In the specific case of PCI bus_master_as there is a simple workaround
by placing a dummy container (which lets us build the AddressSpace) and
then adding the alias region at machine_done time.

This is exactly how MemoryListener is supposed to work, so I would start
from there.

Paolo

Re: [Qemu-devel] [PATCH RFC] qdev: add init order filter
Posted by Marcel Apfelbaum 7 years ago
On 03/09/2017 01:13 PM, Paolo Bonzini wrote:
>
>
> On 09/03/2017 00:59, Michael S. Tsirkin wrote:
>> Allow forcing a specific order of initialization on
>> devices created with -device.
>> Helpful e.g. for built-in devices such as IOMMUs which must
>> exist before all other devices.
>>
>> Signed-off-by: Michael S. Tsirkin <mst@redhat.com>
>> ---
>>
>> Looks like we have a ton of problems because devices
>> are initialized in a random order, while we
>> really want e.g. iommu to be initialized
>> earlier than devices.
>>
>> This will be helpful for other things, e.g.
>> real hardware often is initialized in a specific order,
>> creating built-in devices for the board often
>> has to happen in a specific order, etc.
>
> In the specific case of PCI bus_master_as there is a simple workaround
> by placing a dummy container (which lets us build the AddressSpace) and
> then adding the alias region at machine_done time.
>
> This is exactly how MemoryListener is supposed to work, so I would start
> from there.
>

Hi Paolo,

This will certainly solve virtio-pci ordering issue, but I am not sure
it solves the vfio-pci problem.

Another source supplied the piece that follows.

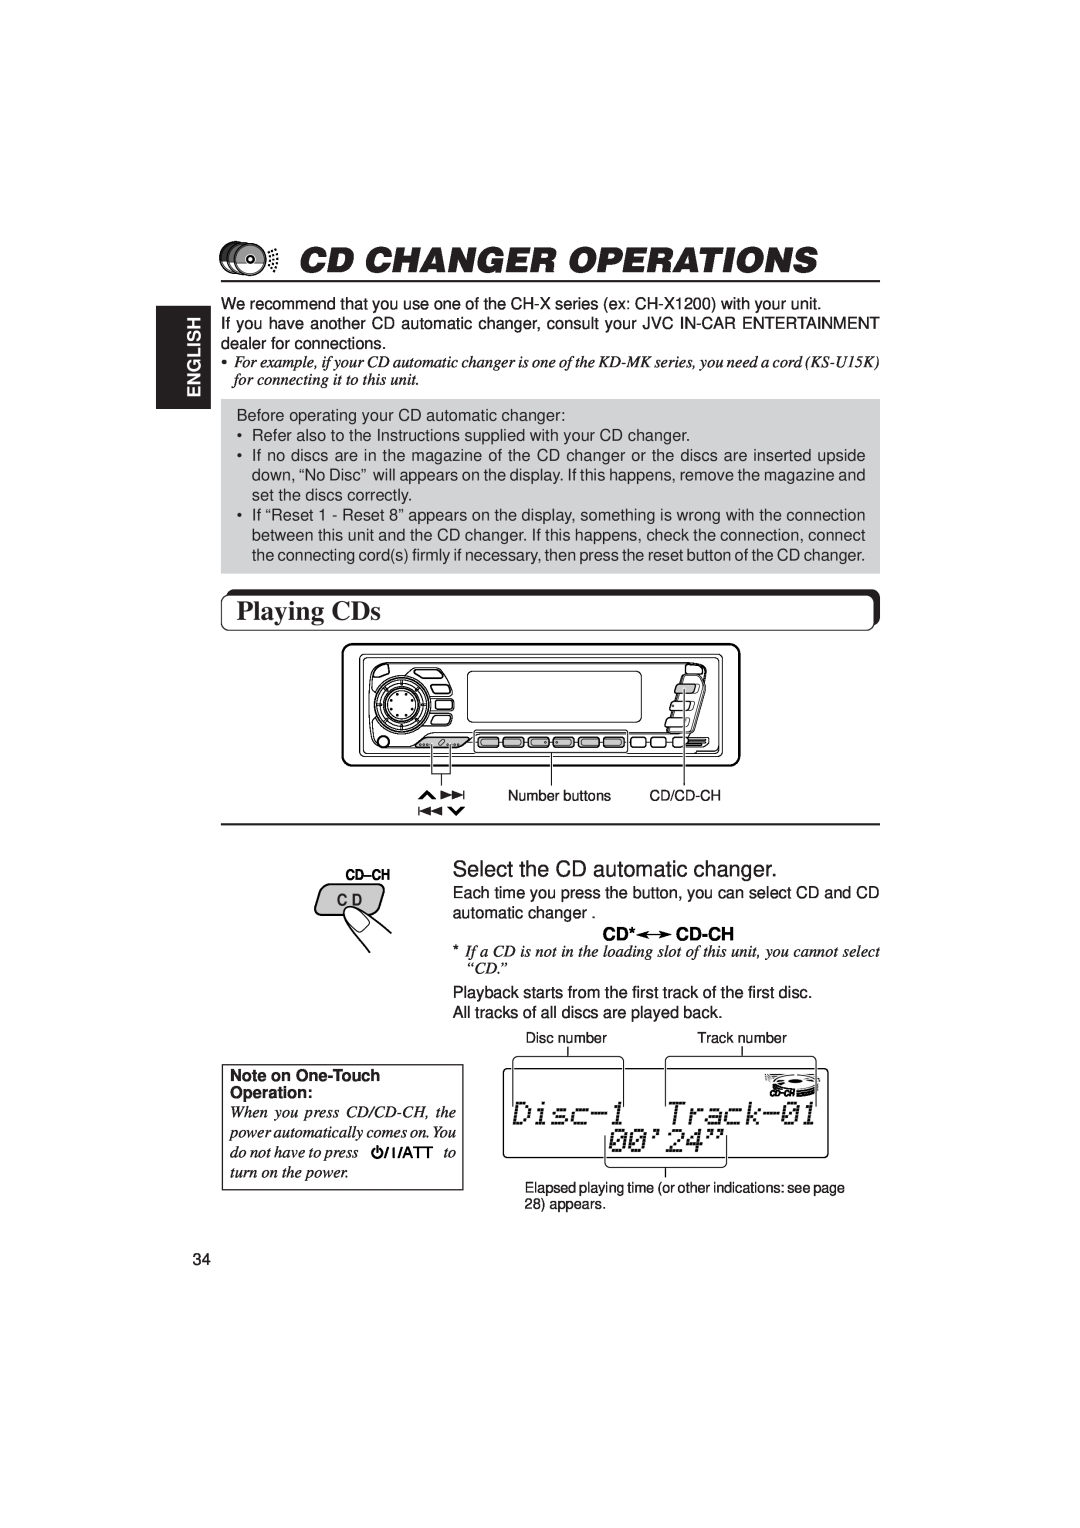 JVC KD-SX1500R manual Cd Changer Operations, Playing CDs, Select the CD automatic changer, Cd* Cd-Ch, English 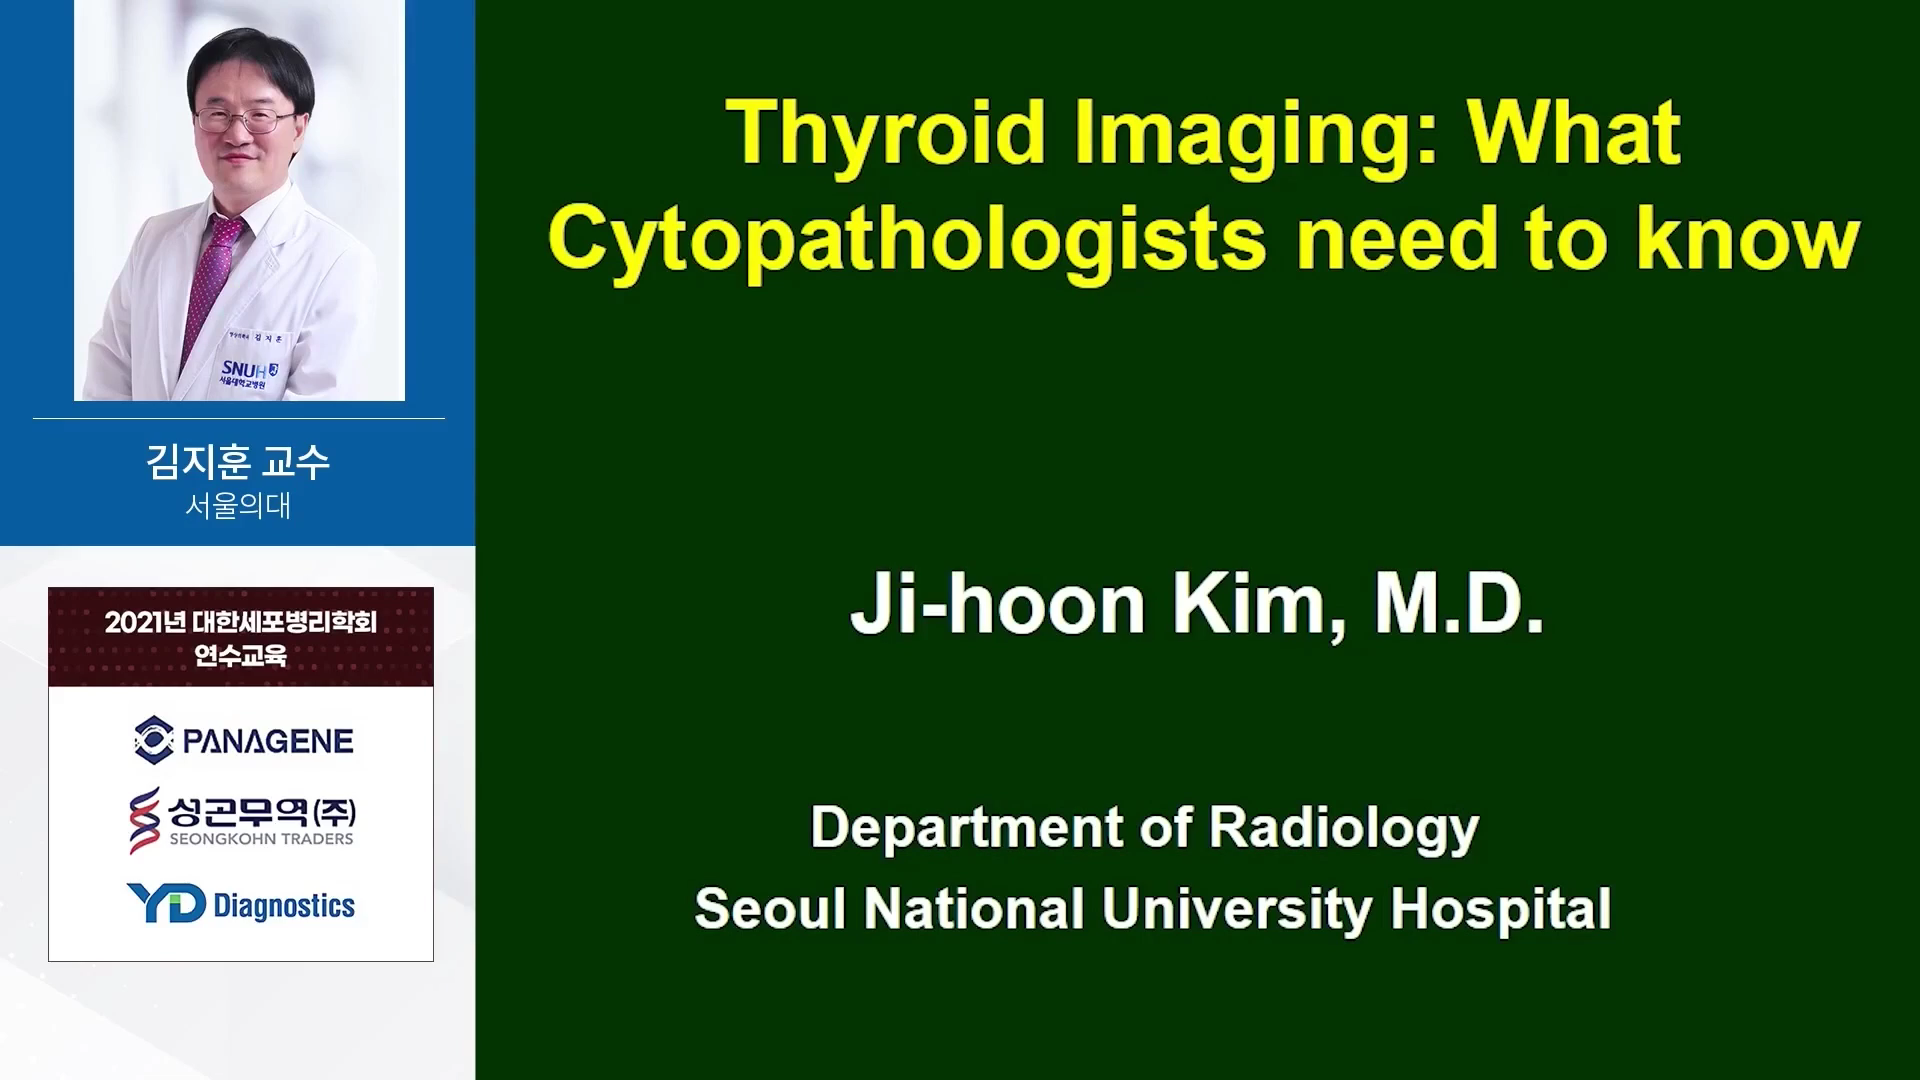 Thyroid imaging: what cytopathologists need to know

Here is a link to Alex's explanation:

http://www.mail-archive.com/qemu-devel@nongnu.org/msg432365.html

Thanks,
Marcel

> Paolo
>


Re: [Qemu-devel] [PATCH RFC] qdev: add init order filter
Posted by Paolo Bonzini 7 years ago

On 09/03/2017 13:11, Marcel Apfelbaum wrote:
> On 03/09/2017 01:13 PM, Paolo Bonzini wrote:
>>
>>
>> On 09/03/2017 00:59, Michael S. Tsirkin wrote:
>>> Allow forcing a specific order of initialization on
>>> devices created with -device.
>>> Helpful e.g. for built-in devices such as IOMMUs which must
>>> exist before all other devices.
>>>
>>> Signed-off-by: Michael S. Tsirkin <mst@redhat.com>
>>> ---
>>>
>>> Looks like we have a ton of problems because devices
>>> are initialized in a random order, while we
>>> really want e.g. iommu to be initialized
>>> earlier than devices.
>>>
>>> This will be helpful for other things, e.g.
>>> real hardware often is initialized in a specific order,
>>> creating built-in devices for the board often
>>> has to happen in a specific order, etc.
>>
>> In the specific case of PCI bus_master_as there is a simple workaround
>> by placing a dummy container (which lets us build the AddressSpace) and
>> then adding the alias region at machine_done time.
>>
>> This is exactly how MemoryListener is supposed to work, so I would start
>> from there.
>>
> 
> Hi Paolo,
> 
> This will certainly solve virtio-pci ordering issue, but I am not sure
> it solves the vfio-pci problem. Here is a link to Alex's explanation:
> 
> http://www.mail-archive.com/qemu-devel@nongnu.org/msg432365.html

Right, VFIO is more complicated (hence "in the specific case of PCI
bus_master_as").  I answered in that thread.

Paolo

Re: [Qemu-devel] [PATCH RFC] qdev: add init order filter
Posted by Peter Xu 7 years ago
On Thu, Mar 09, 2017 at 01:28:09PM +0100, Paolo Bonzini wrote:
> 
> 
> On 09/03/2017 13:11, Marcel Apfelbaum wrote:
> > On 03/09/2017 01:13 PM, Paolo Bonzini wrote:
> >>
> >>
> >> On 09/03/2017 00:59, Michael S. Tsirkin wrote:
> >>> Allow forcing a specific order of initialization on
> >>> devices created with -device.
> >>> Helpful e.g. for built-in devices such as IOMMUs which must
> >>> exist before all other devices.
> >>>
> >>> Signed-off-by: Michael S. Tsirkin <mst@redhat.com>
> >>> ---
> >>>
> >>> Looks like we have a ton of problems because devices
> >>> are initialized in a random order, while we
> >>> really want e.g. iommu to be initialized
> >>> earlier than devices.
> >>>
> >>> This will be helpful for other things, e.g.
> >>> real hardware often is initialized in a specific order,
> >>> creating built-in devices for the board often
> >>> has to happen in a specific order, etc.
> >>
> >> In the specific case of PCI bus_master_as there is a simple workaround
> >> by placing a dummy container (which lets us build the AddressSpace) and
> >> then adding the alias region at machine_done time.
> >>
> >> This is exactly how MemoryListener is supposed to work, so I would start
> >> from there.
> >>
> > 
> > Hi Paolo,
> > 
> > This will certainly solve virtio-pci ordering issue, but I am not sure
> > it solves the vfio-pci problem. Here is a link to Alex's explanation:
> > 
> > http://www.mail-archive.com/qemu-devel@nongnu.org/msg432365.html
> 
> Right, VFIO is more complicated (hence "in the specific case of PCI
> bus_master_as").  I answered in that thread.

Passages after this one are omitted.